I first asked that question in

August 2013, shortly after chatter around Apple’s acquisition of Passif surfaced.  I mainly thought about the, at that time, mythical iWatch.  I also started thinking about the technology that was outlined in Passif-related patent documents.  The thread appeared to go quiet until Apple’s September 7th Event.

Since the introduction of the AirPods at last week’s Apple Event there has been plenty of discussion around the capabilities of these wireless ear buds and the technology of the W1 chip.  One article on the Apple gossip blog 9to5 Mac discussed the various Bluetooth protocols and limitations.  An article in EETimes discussed the possible role of NXP’s near field magnetic induction (NFMI) technology.  At the time of writing, comments to the EETimes article, including those by the author, are leaning away from NXP’s technology and leaning towards some implementation of Bluetooth.

I think it is safe to conclude that the W1chip is an Apple designed chip.  At time stamp 91:25 of the Apple Event, Phil Schiller referred to the W1 as “Apple’s first wireless chip”.  The AirPod page on Apple’s website does use softer language, referring to it as the “custom designed W1 chip”.  I think the W1 silicon will support an in-house effort.  In both the Apple Event and their website there is emphasis placed on the battery life and audio quality.  From this one would anticipate low power consumption is central to the W1’s technology.

So where does Passif enter the picture?

It is time to throw my hypothesis on the table.  I would not be surprised if the W1 implements technology that was acquired from Passif in 2013.  There are a few patent documents from my 2013 article that always looked interesting.

US 8,768,252 : Un-tethered Wireless Audio System

In 2013 the ‘252 patent had not issued, but we could see the published application.  The representative Figure on the face page is very similar to the discussion we are having today i.e. the transmission of a wireless audio signal from a source to one or two speakers.  This Figure is reproduced below.  As outlined in the Background (col. 1, ln. 41-58) “standard protocols, such as Bluetooth or Wi-Fi or the like, …were not designed to reliably carry stereo audio traffic to left and right speakers”.  That sure reminds one of Phil’s comments and some of the subsequent articles.  The Detailed Description goes on to present architectures for wirelessly transmitting between an audio source and two speakers.

252-rep-figure

US 8,056,208 : Passive Wireless Radio

I spoke about the ’208 patent in 2013.  The Background of the ‘208 patent discusses the pros and cons of active and passive components in a wireless receiver.  It is indicated that active components lead to high power requirements when high performance is desired.  At the end of the Background it is said “… a receiver system that meets performance specifications … using low power passive circuitry, rather than current consuming active components, is desired.”  The Description then details embodiments that incorporate passive components.  Again, the objectives are similar to those espoused for the W1chip.
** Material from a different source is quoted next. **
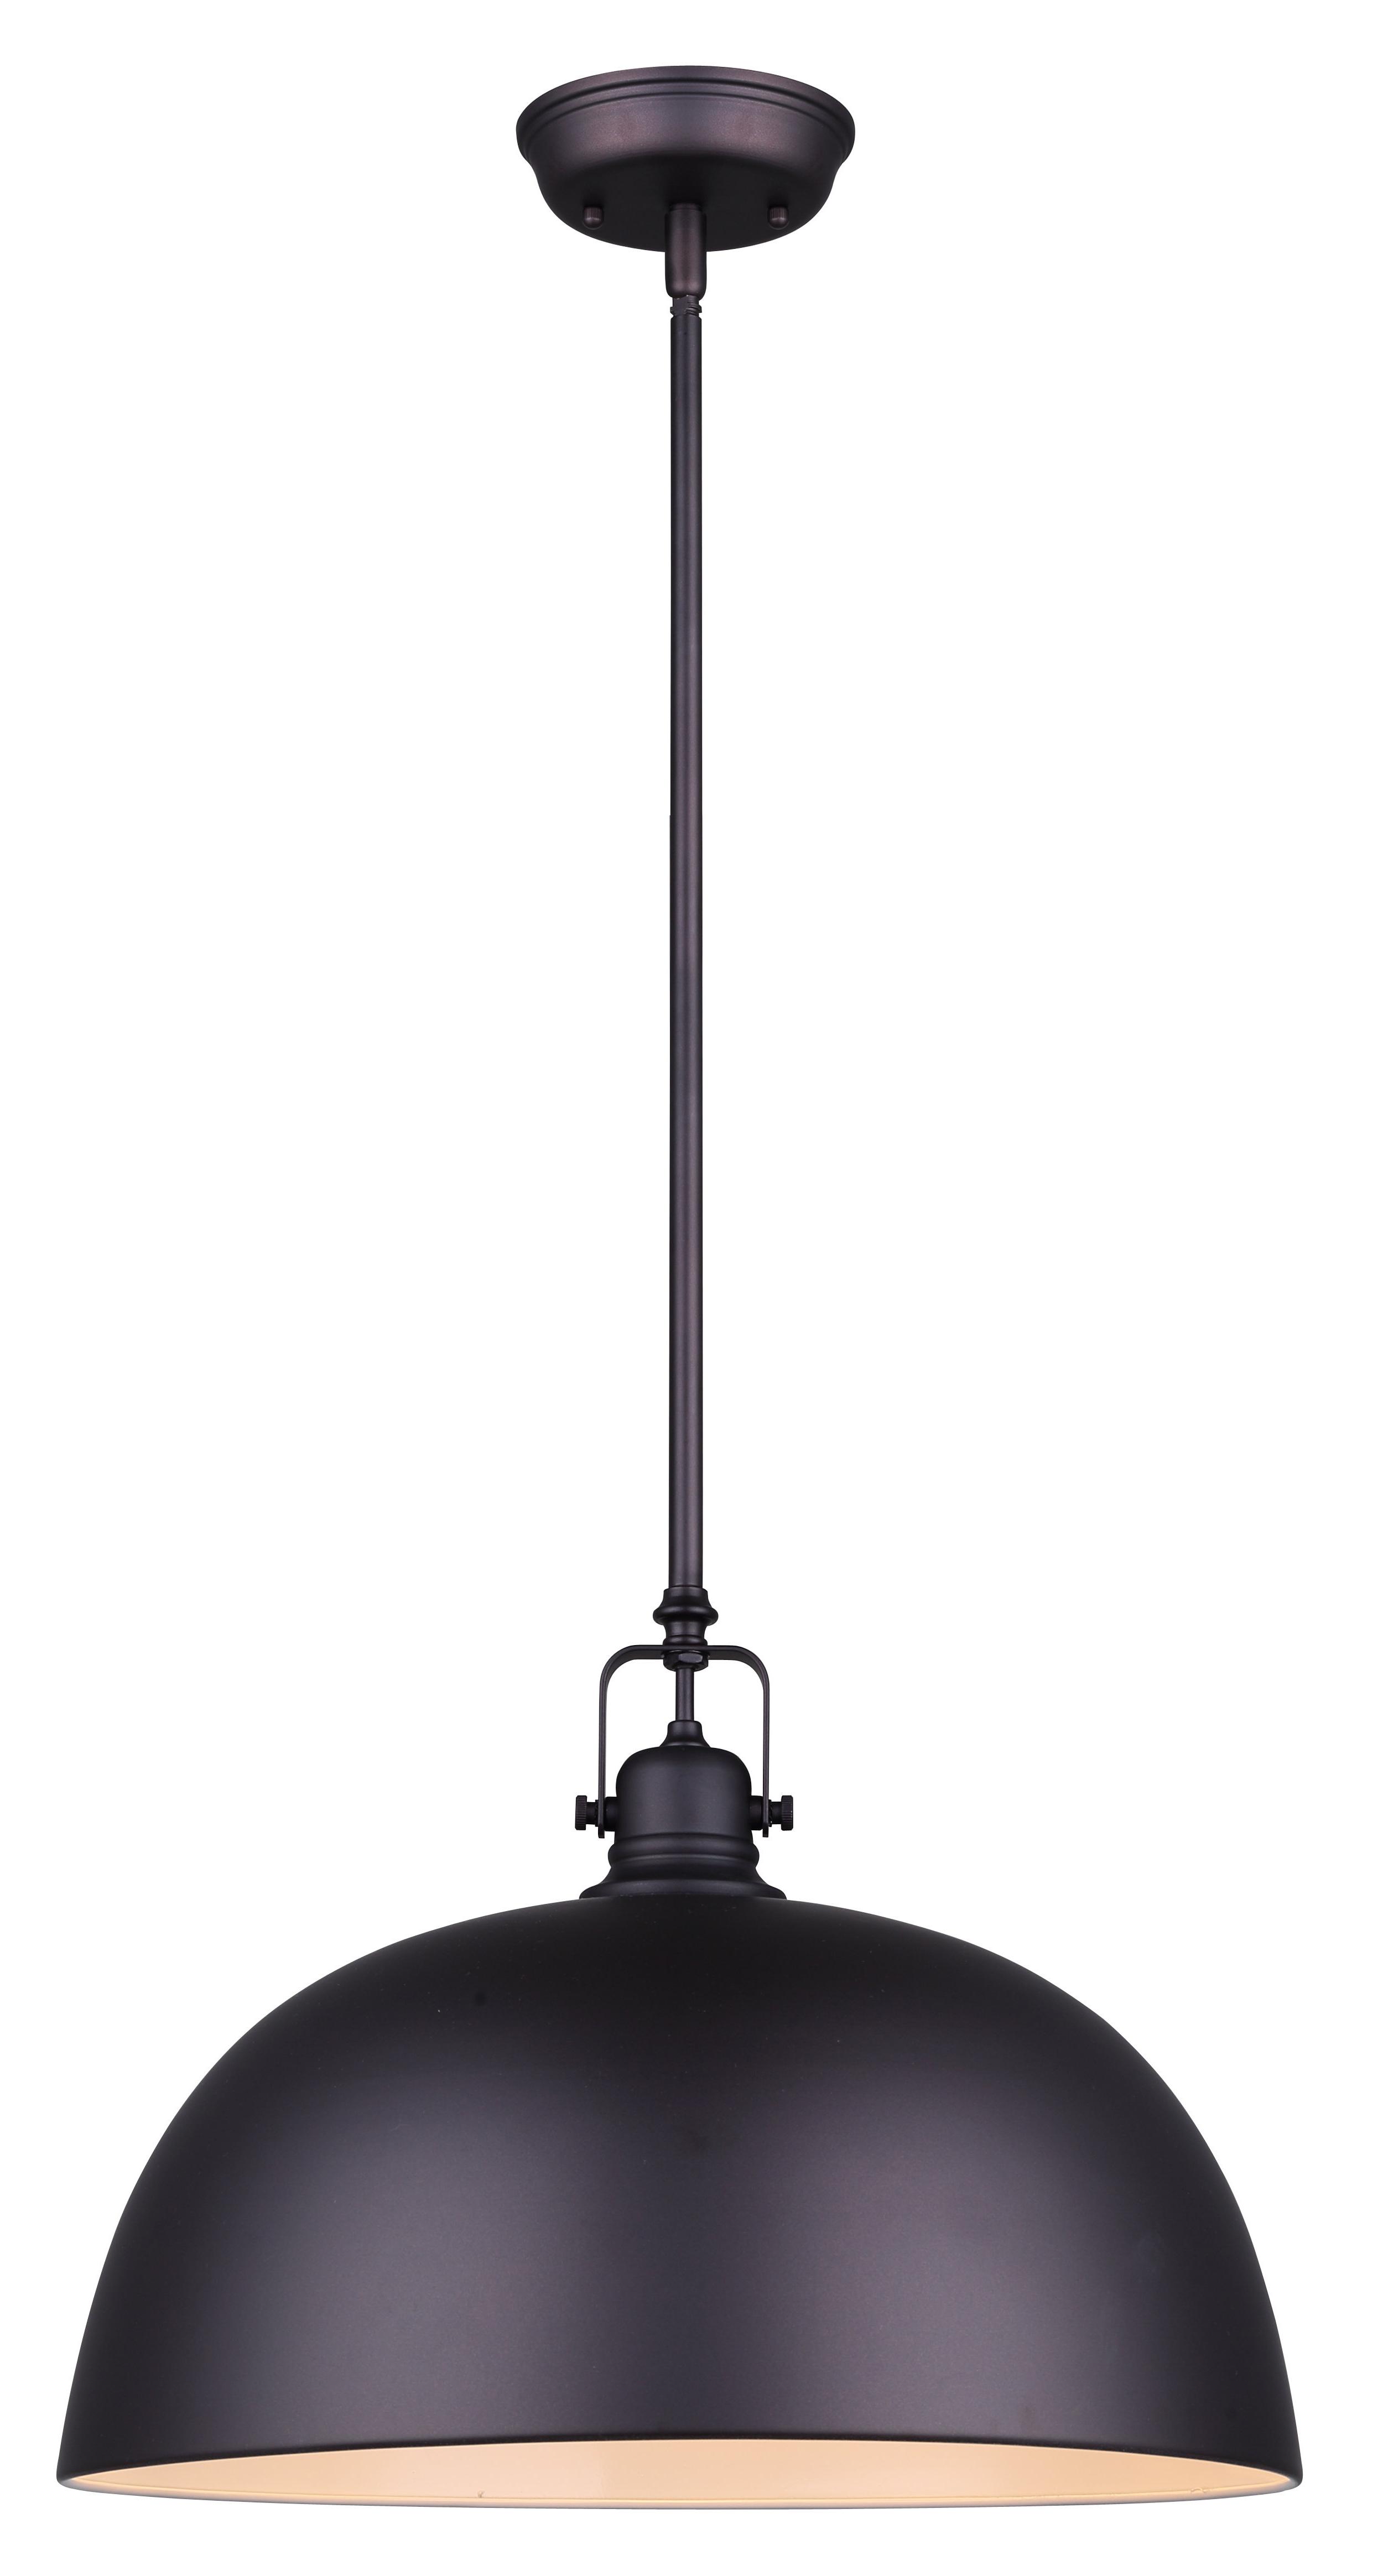 2019 Southlake 1 Light Single Dome Pendant With 1 Light Single Dome Pendants (View 5 of 25)

Obviously at this point I do not know of the specifics of the technology outlined in the ‘252 or ‘208 patent are being implemented in the W1 chip.  It does though appear that concepts around the technology used in the Air Pods was being thought about and developed by Passif years ago.  There are though still some open questions floating around. Is a standard wireless protocol used?  Is there a W1 chip in the iPhone 7.
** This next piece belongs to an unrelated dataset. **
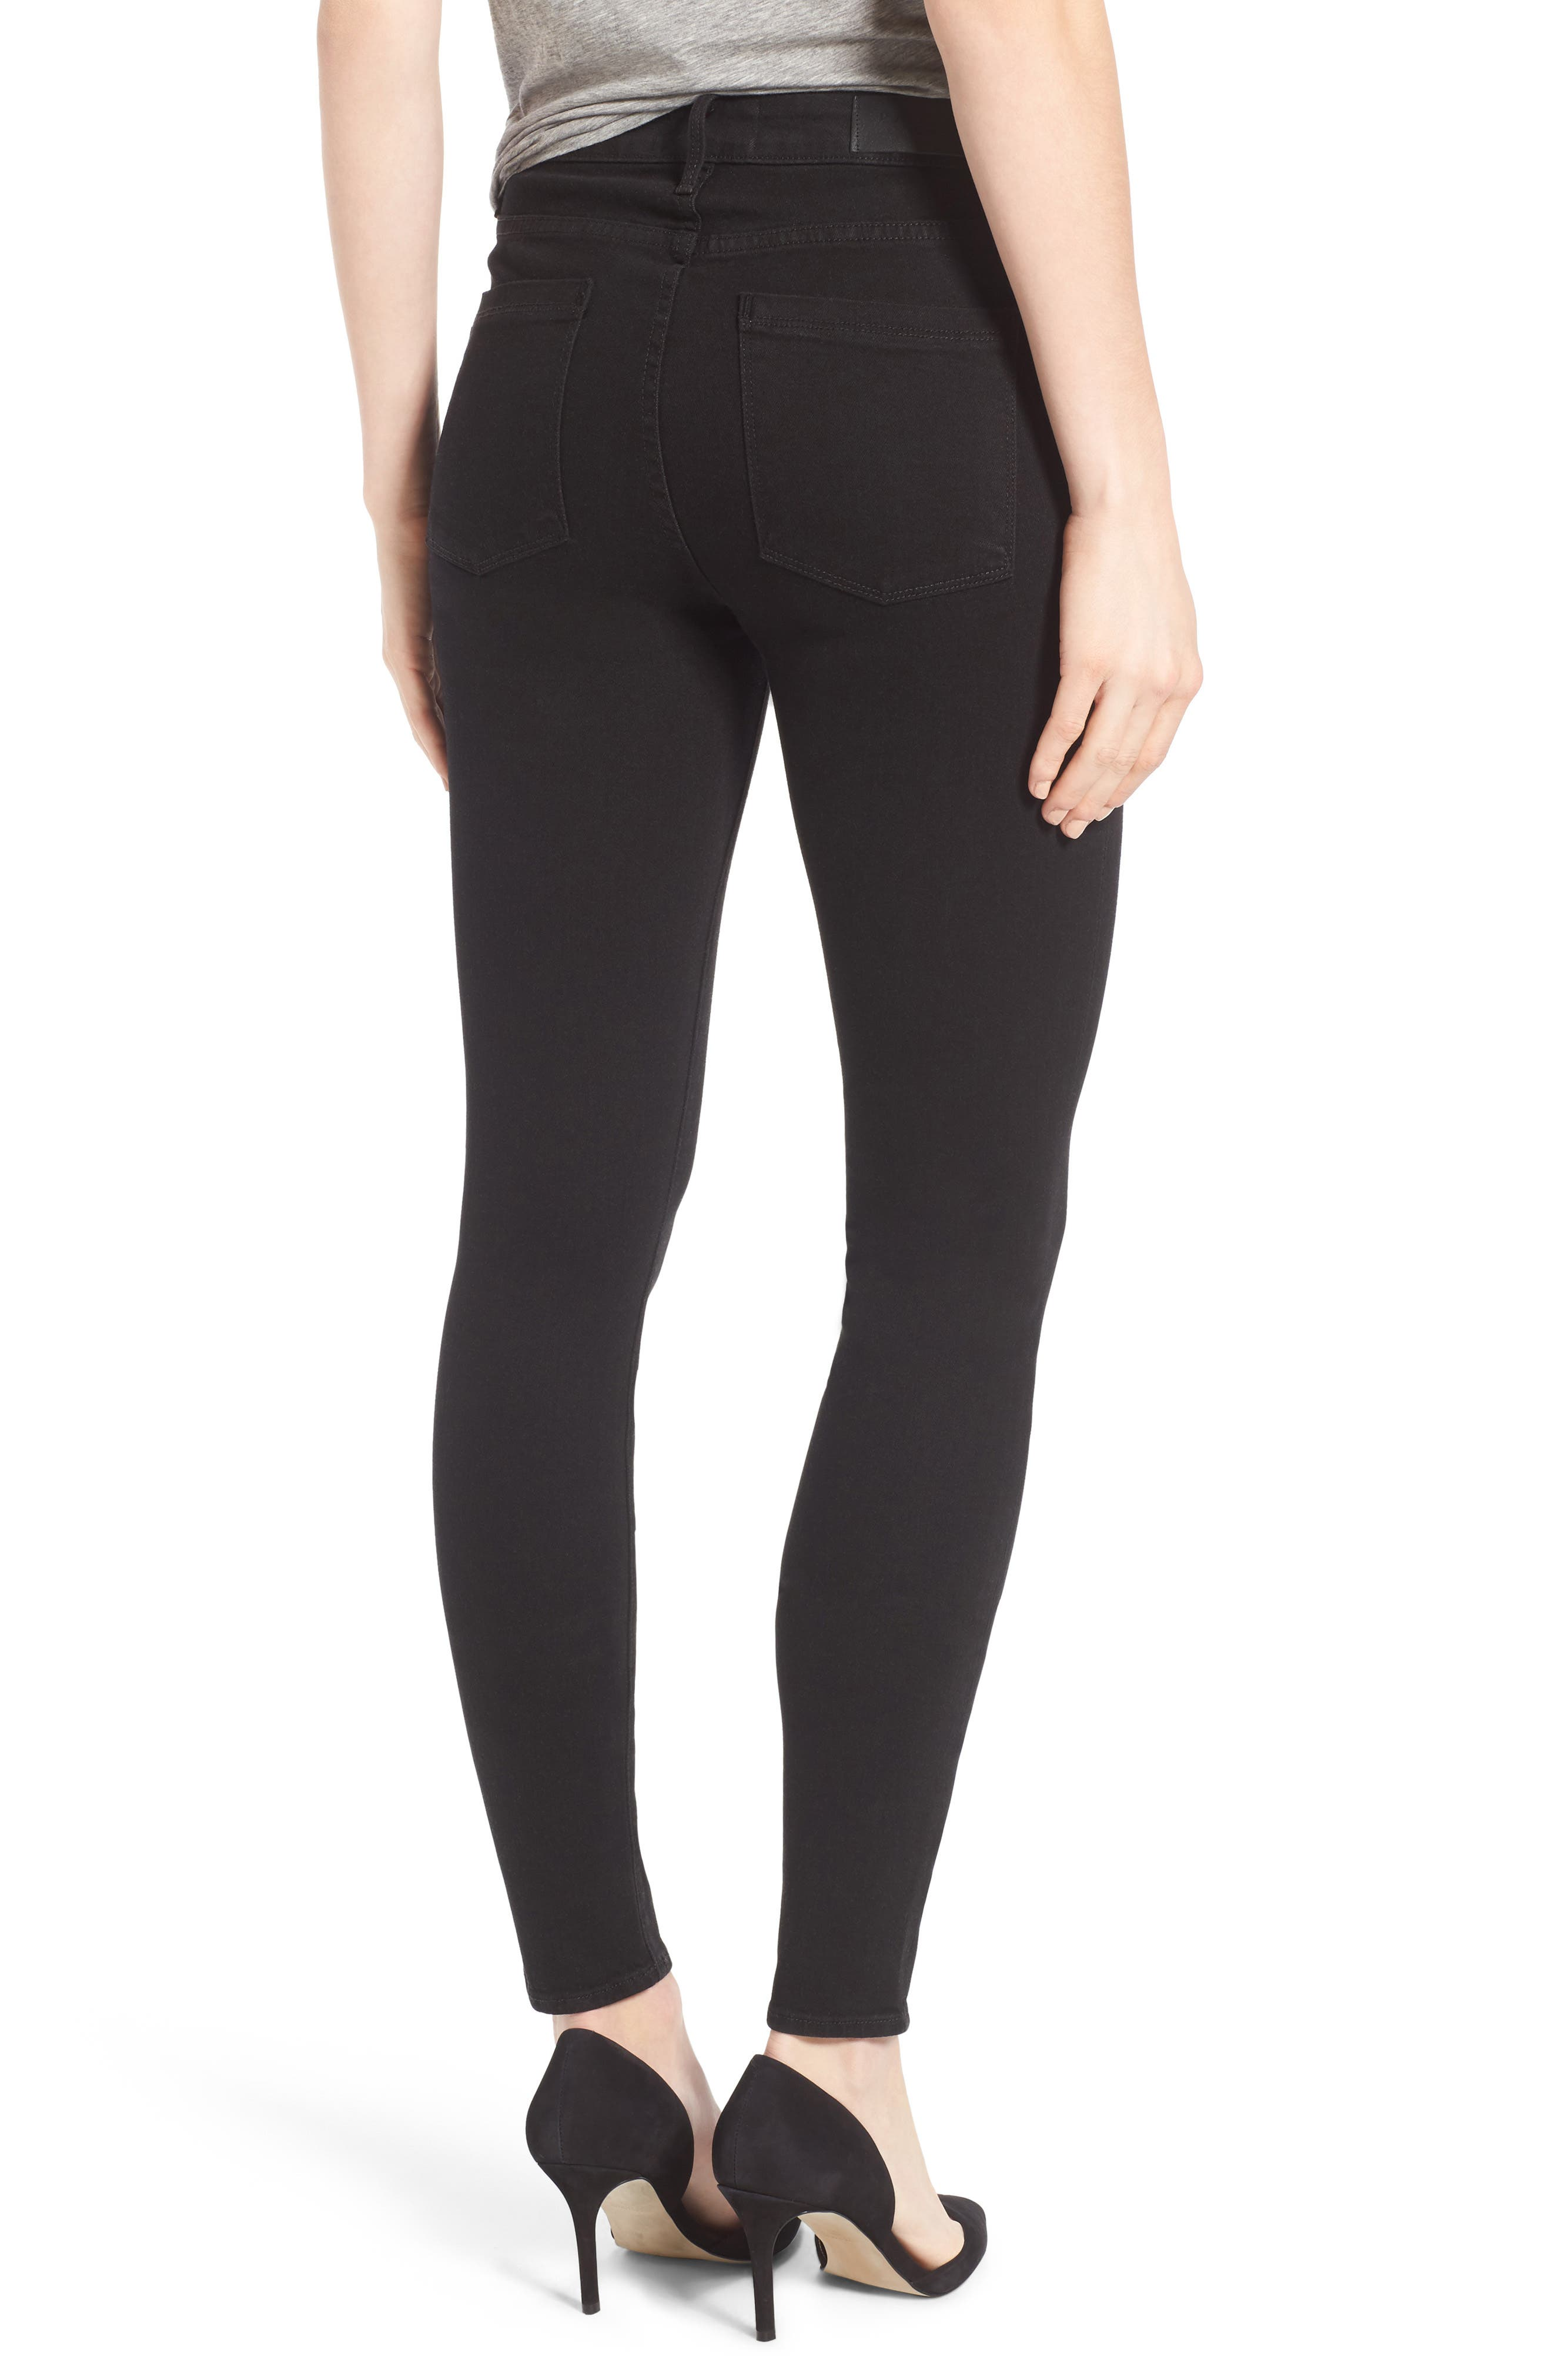 Bombshell High Waist Stretch Skinny Jeans,                             Alternate thumbnail 2, color,                             001

Towards the end of the AirPod segment of the Apple Event it was indicated that new wireless Beats headphones are using the W1 chip.  This supports reports that the AirPods can be used with other audio devices or phones.  This ability in turn suggests a standard communications protocol, likely Bluetooth, is used between the audio device and the AirPods.  It also suggests there is no W1 in the iPhone 7.  That said a tear down of the iPhone 7 will let us know if the “magical experience” of the AirPods requires a W1 in the “audio device”.

In the end it will be interesting to see the silicon.  As pointed out in the comments of the earlier EETimes article it will also be of interest to get a scope on the W1 and see exactly what it is doing.  Both of these will go a ways towards an understanding of the W1 and Apple’s venture in wireless chips.  The W1 is likely just the beginning.